***** Material supplied *****

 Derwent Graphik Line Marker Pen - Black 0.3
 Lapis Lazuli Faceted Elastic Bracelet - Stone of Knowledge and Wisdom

*****
***** Material supplied *****

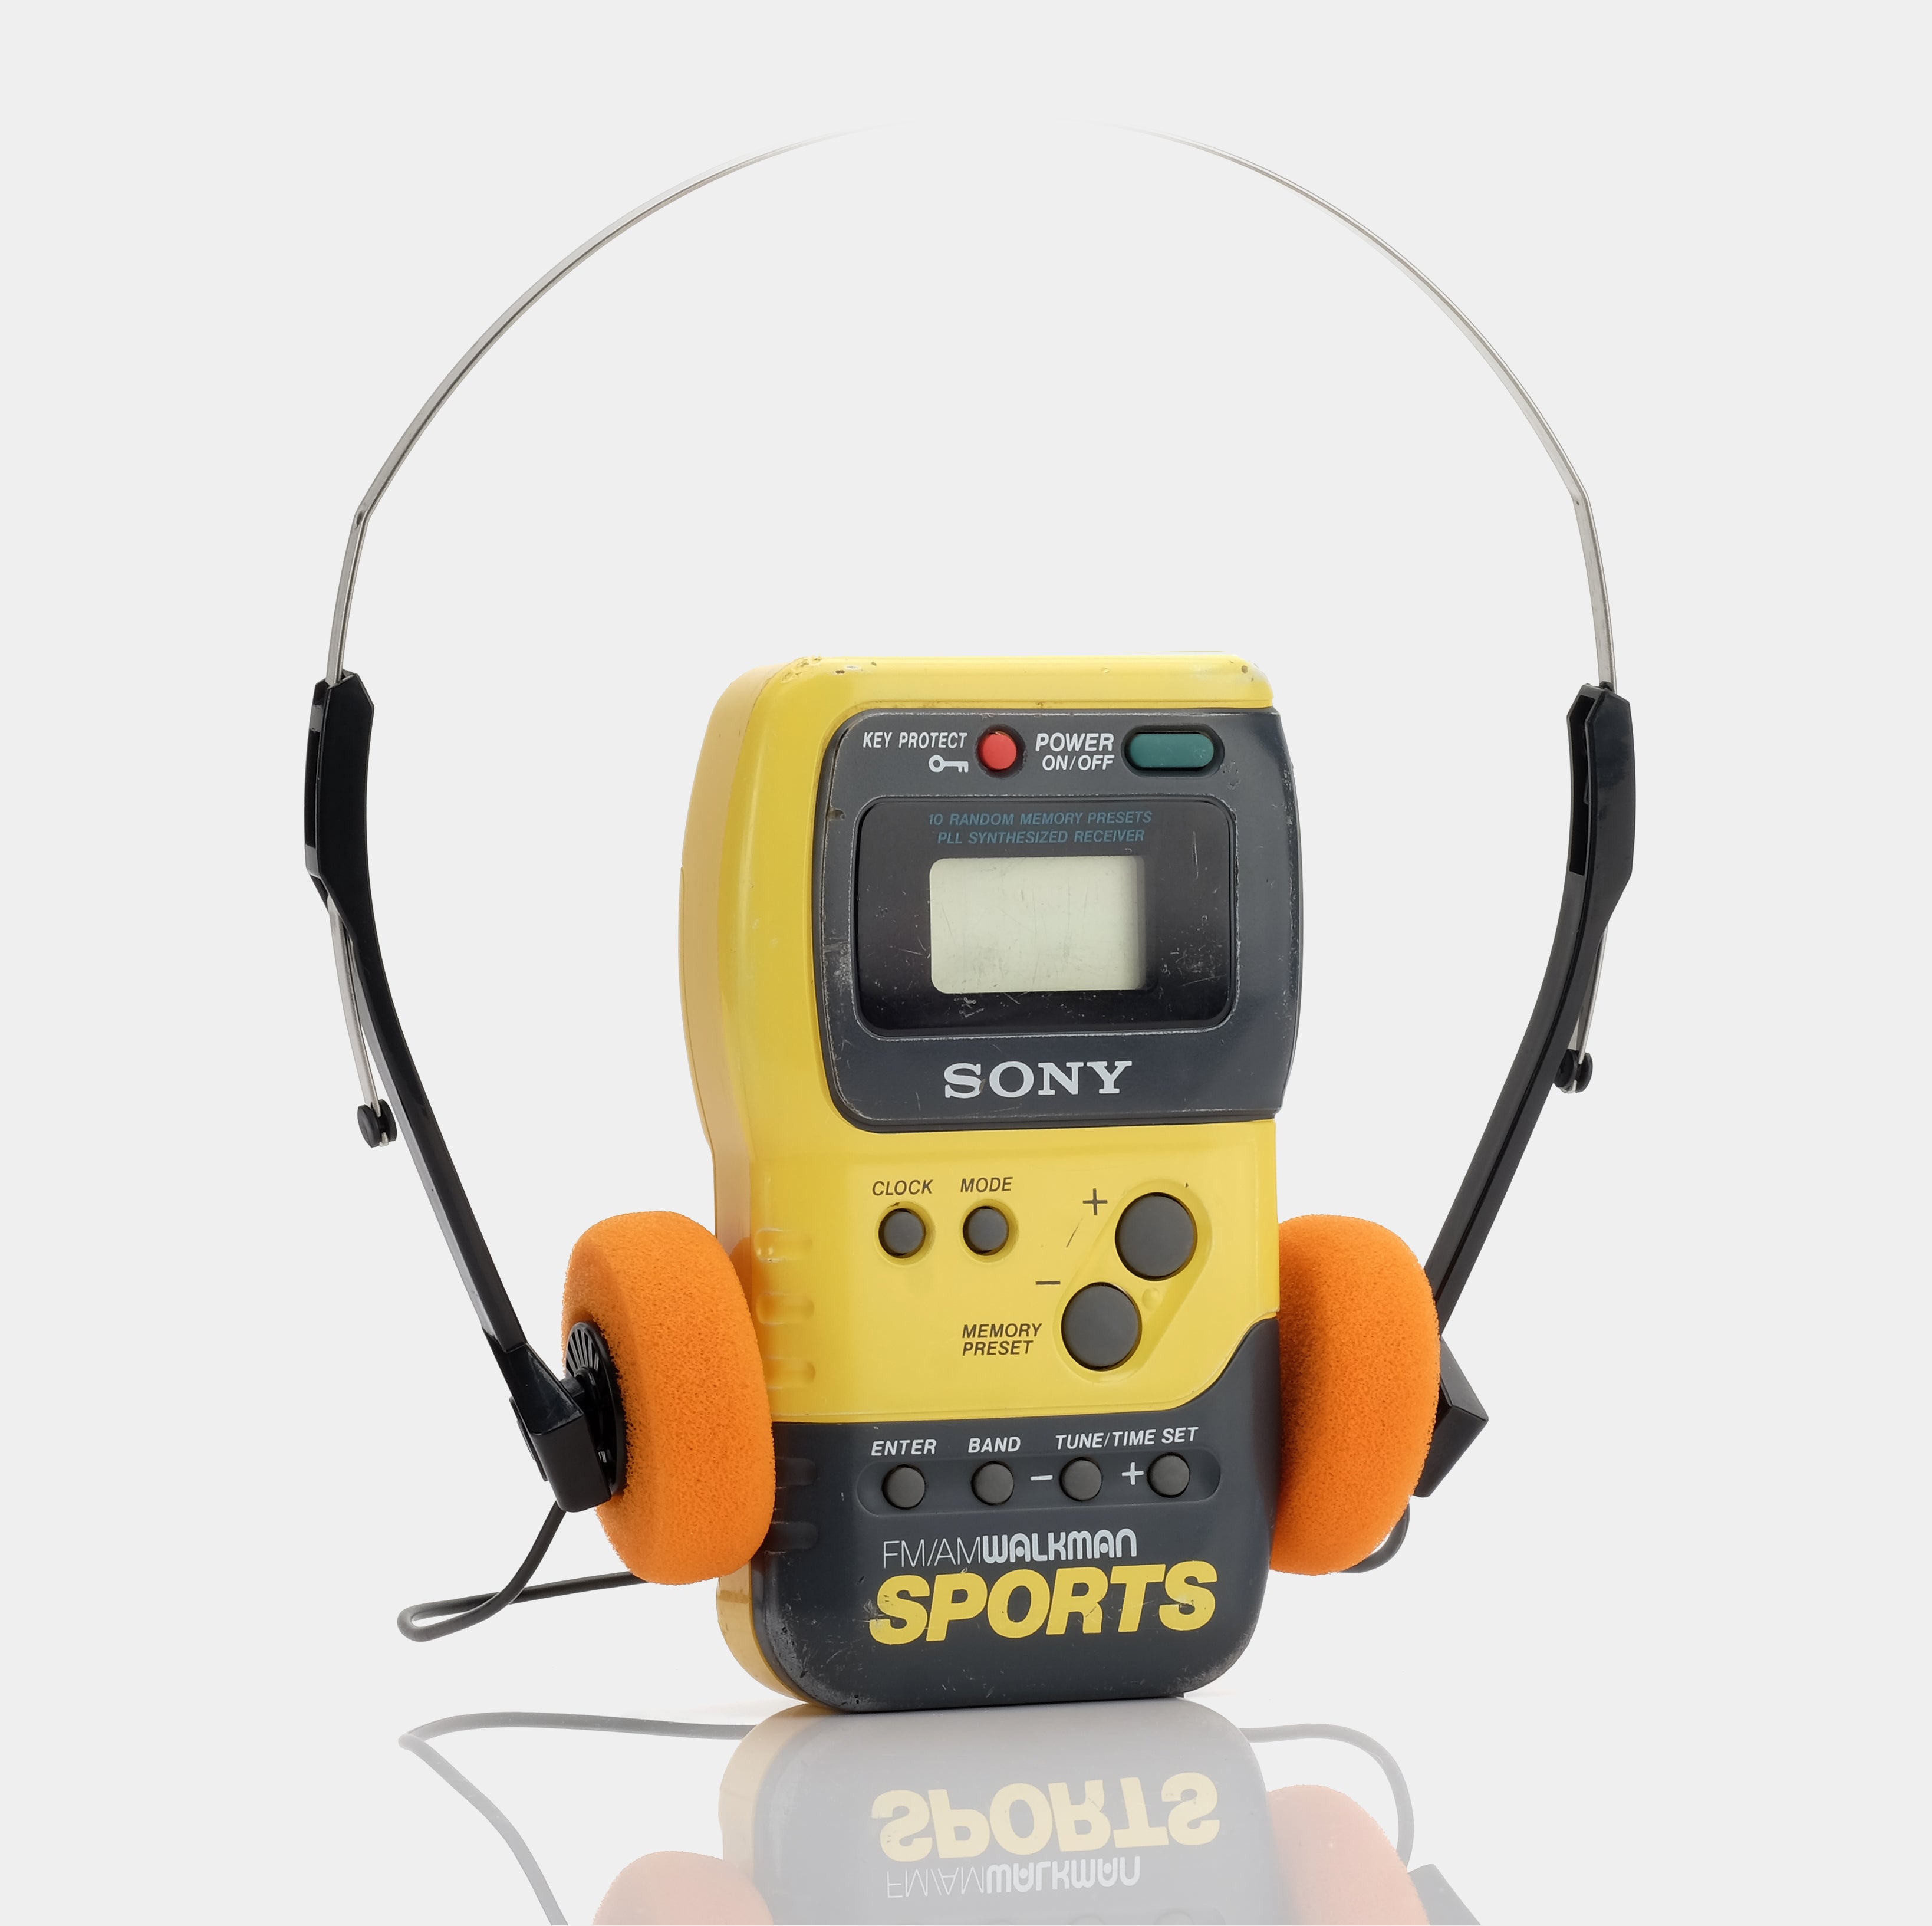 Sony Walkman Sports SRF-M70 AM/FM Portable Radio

*****

## Work to be completed
Out of the data above, transcribe exactly and only the lines starting with the line that has "Derwent Graphik Line Marker Pen - Black 0.3" and going on through the line that has "Lapis Lazuli Faceted", both included.

## Answer section
 Derwent Graphik Line Marker Pen - Black 0.3
 Lapis Lazuli Faceted Elastic Bracelet - Stone of Knowledge and Wisdom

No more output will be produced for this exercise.